Recensione scritta e curata da G-PqV per gamestorm.it, inserita il 04-06-2017

Titolo: The Town of Light
Genere: Story Driven / Thriller Psicologico / Documentario
Piattaforma: PlayStation 4
Sviluppatore: LKA.it
Produttore: Wired Production / THQ Nordic
Data di uscita: 26 febbraio 2016 (PC) / 9 giugno 2017 (PS4 e Xbox One)

“Ma che cosa è successo? Cos’è questo posto? Forse… forse sono morta!”

Apri gli occhi Renee, guarda: il verde del parco, i giochi di luce del sole, il suo calore che ti scalda la pelle, il suono della natura.

Svegliati, ti sono vicino, ti aiuterò a conoscere la tua storia, a sconfiggere i fantasmi che ti tormentano, a capire chi sei e cosa ti hanno fatto.

Ti mostrerò che non hai creato tu la follia che ti ha travolto.

Ti guiderò alla fine dell’incubo e… sarai libera.

Analizzare The Town of Light in modo freddo e distaccato è impossibile.
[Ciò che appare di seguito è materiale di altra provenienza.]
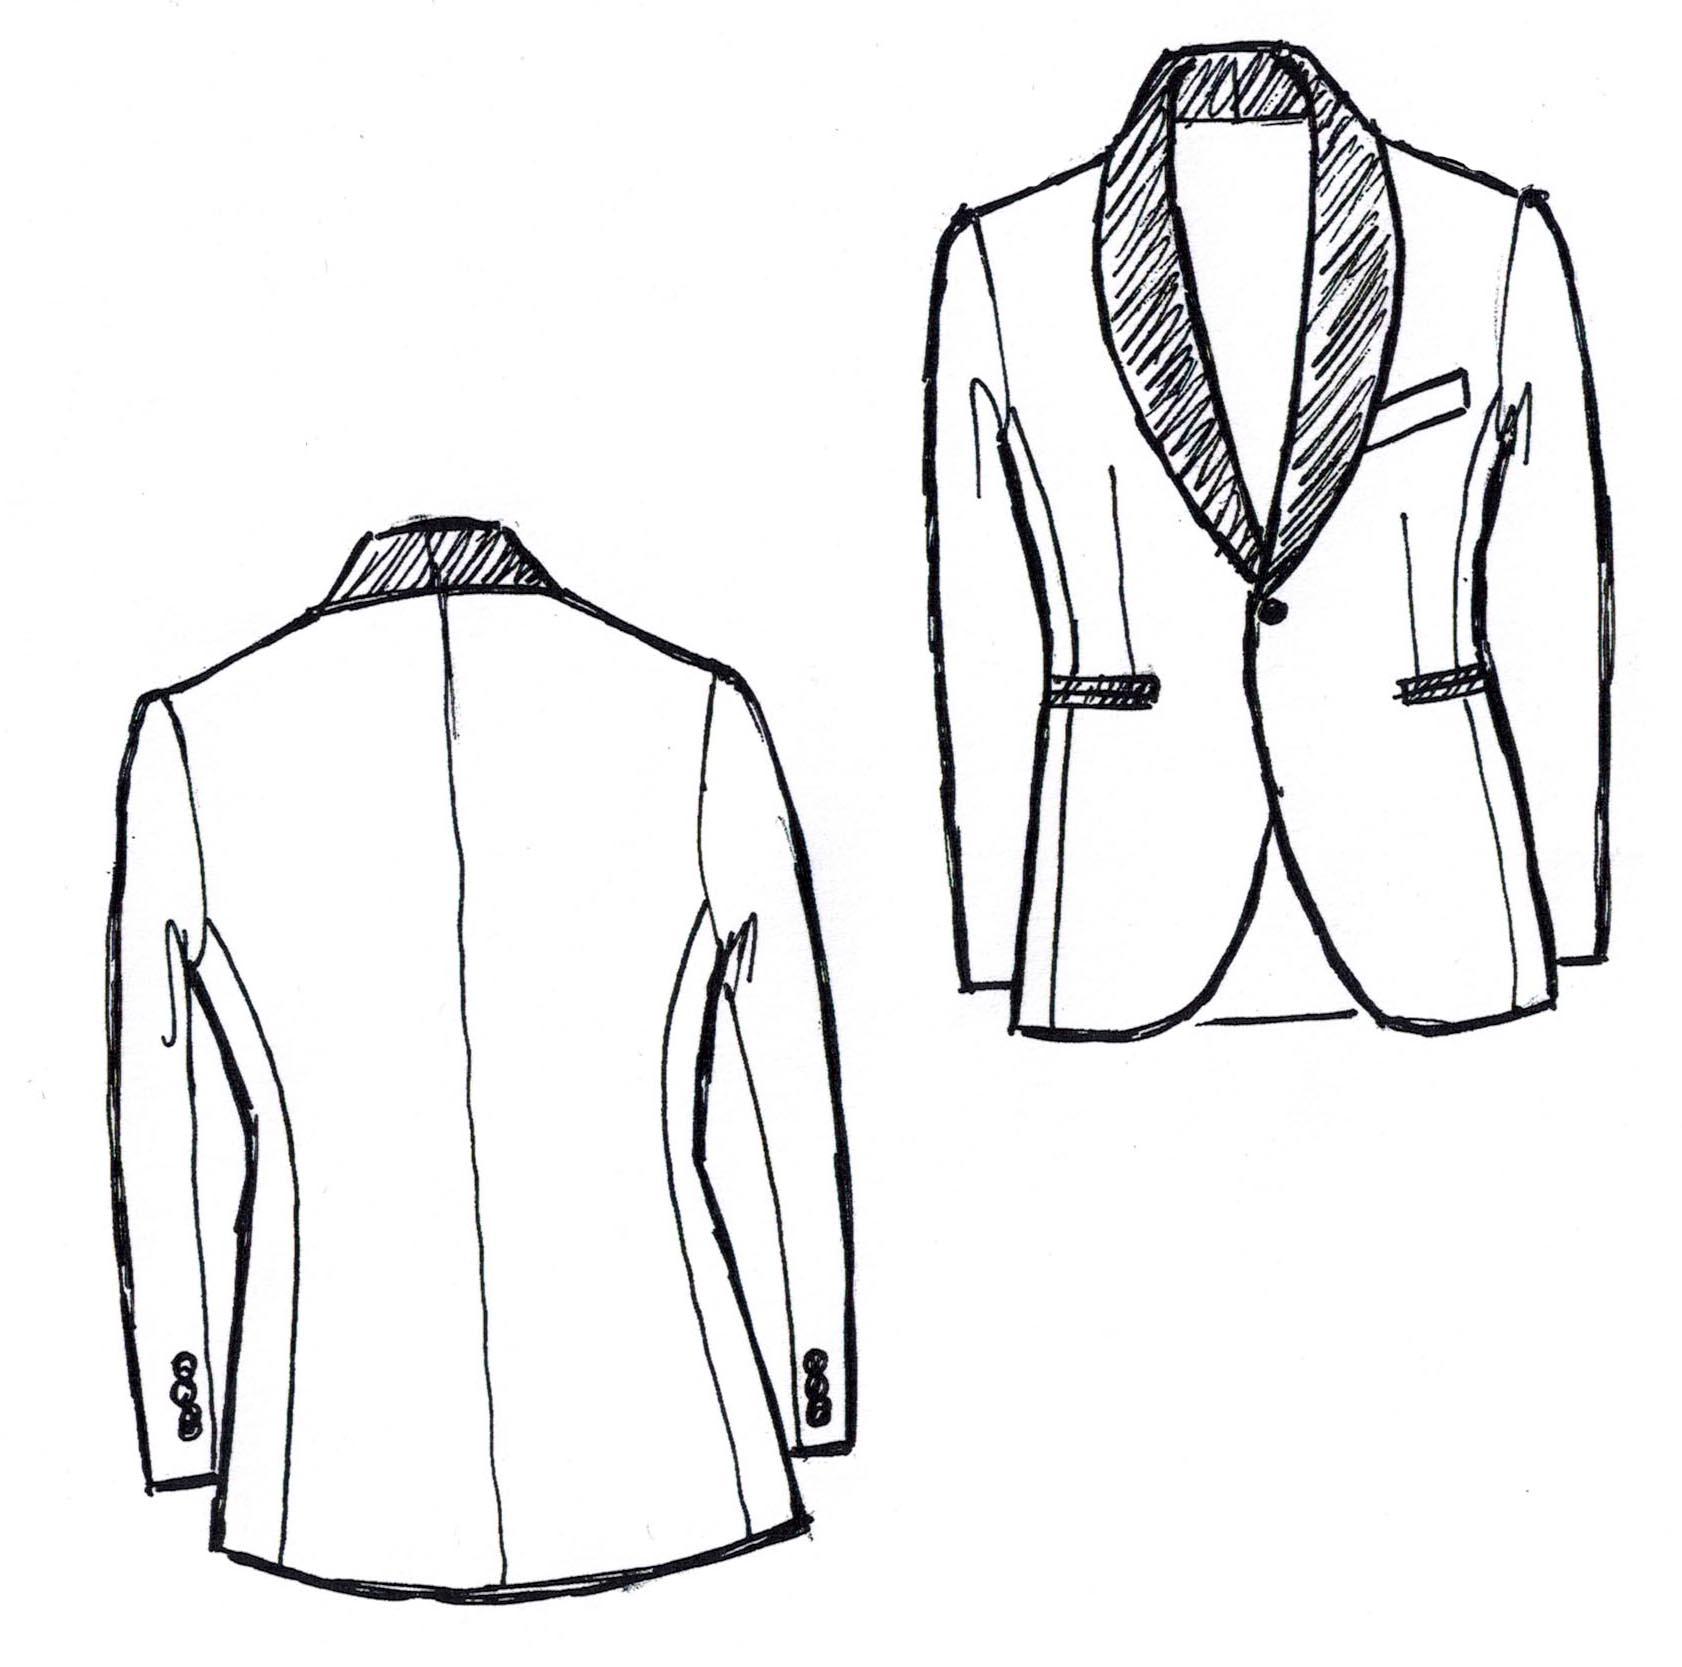 1682x1667 Tuxedo Drawing Tuxedo Jacket For Free Download

Il “percorso emotivo” posto in essere dal team italiano LKA.it non può essere vissuto senza coinvolgimento.

Si tratta di una storia cruda, straziante e purtroppo REALE. Il dramma degli ospedali psichiatrici non è frutto della fantasia degli autori ma si fonda su uno studio approfondito dei relativi dossier, in particolare riferiti agli anni ‘30 e ’40, documentazioni che narrano di una terribile follia. Non ci riferiamo a quella dei pazienti ma a quella dell’istituzione, frutto di una società imprigionata dai taboo, dall’ignoranza, costantemente in bilico tra menzogna e omertà, schiava dell’apparenza: la diversità, in qualsiasi forma si manifestasse, era sinonimo di una pazzia che richiedeva d'esser “curata”.

Il manicomio, spesso, diventava una trappola, una gabbia fisica e mentale, dove i diritti e la dignità umana non esistevano. Non importava essere sani o meno, al suo interno tutti sarebbero diventati pazzi o sarebbero morti prima di divenirlo.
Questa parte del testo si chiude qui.